[[ Stored data open ]]
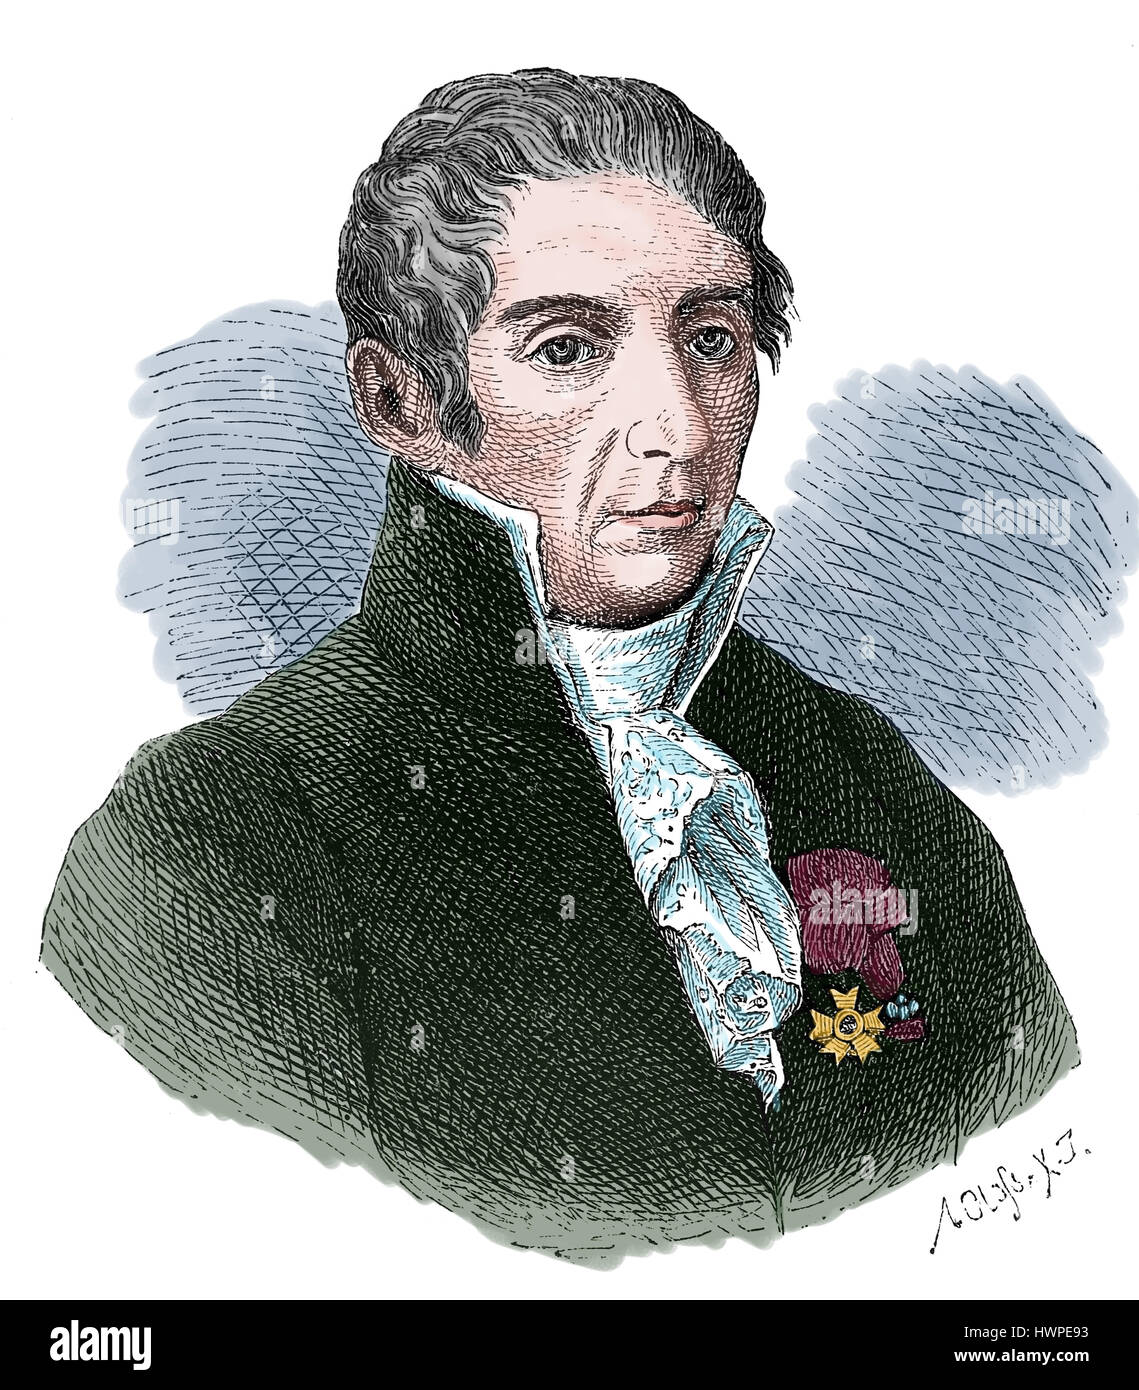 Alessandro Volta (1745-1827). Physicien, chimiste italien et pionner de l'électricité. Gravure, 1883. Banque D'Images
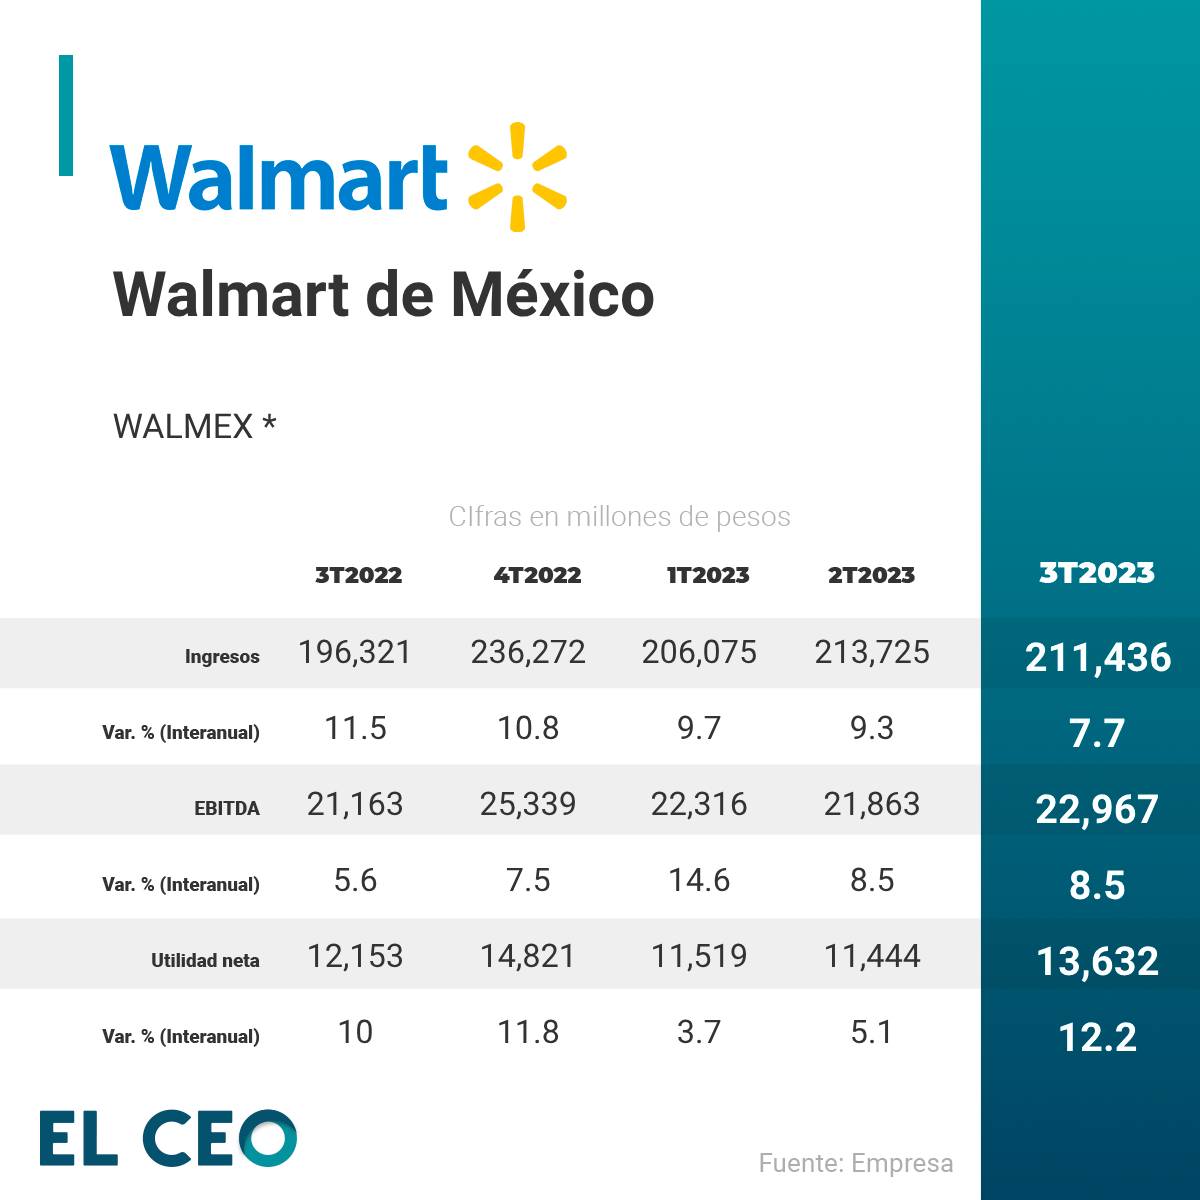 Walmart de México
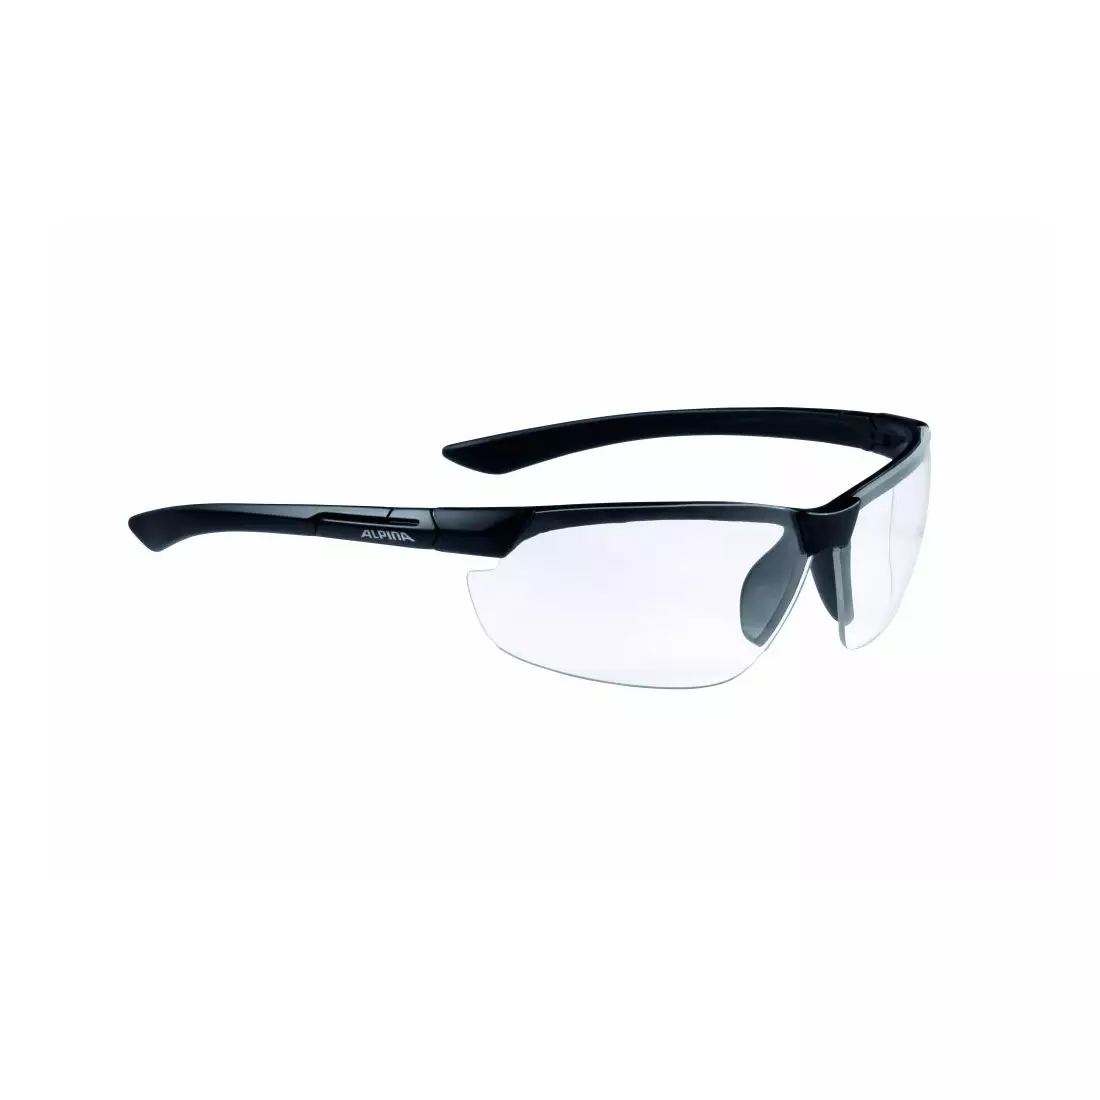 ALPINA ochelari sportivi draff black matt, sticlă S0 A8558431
[[ Stored data closed ]]
## About this exercise
Each line above should be written out again exactly, without any image.

## Solution for this problem
 Alessandro Volta (1745-1827). Physicien, chimiste italien et pionner de l'électricité. Gravure, 1883. Banque D'Images
 Walmart de México
 ALPINA ochelari sportivi draff black matt, sticlă S0 A8558431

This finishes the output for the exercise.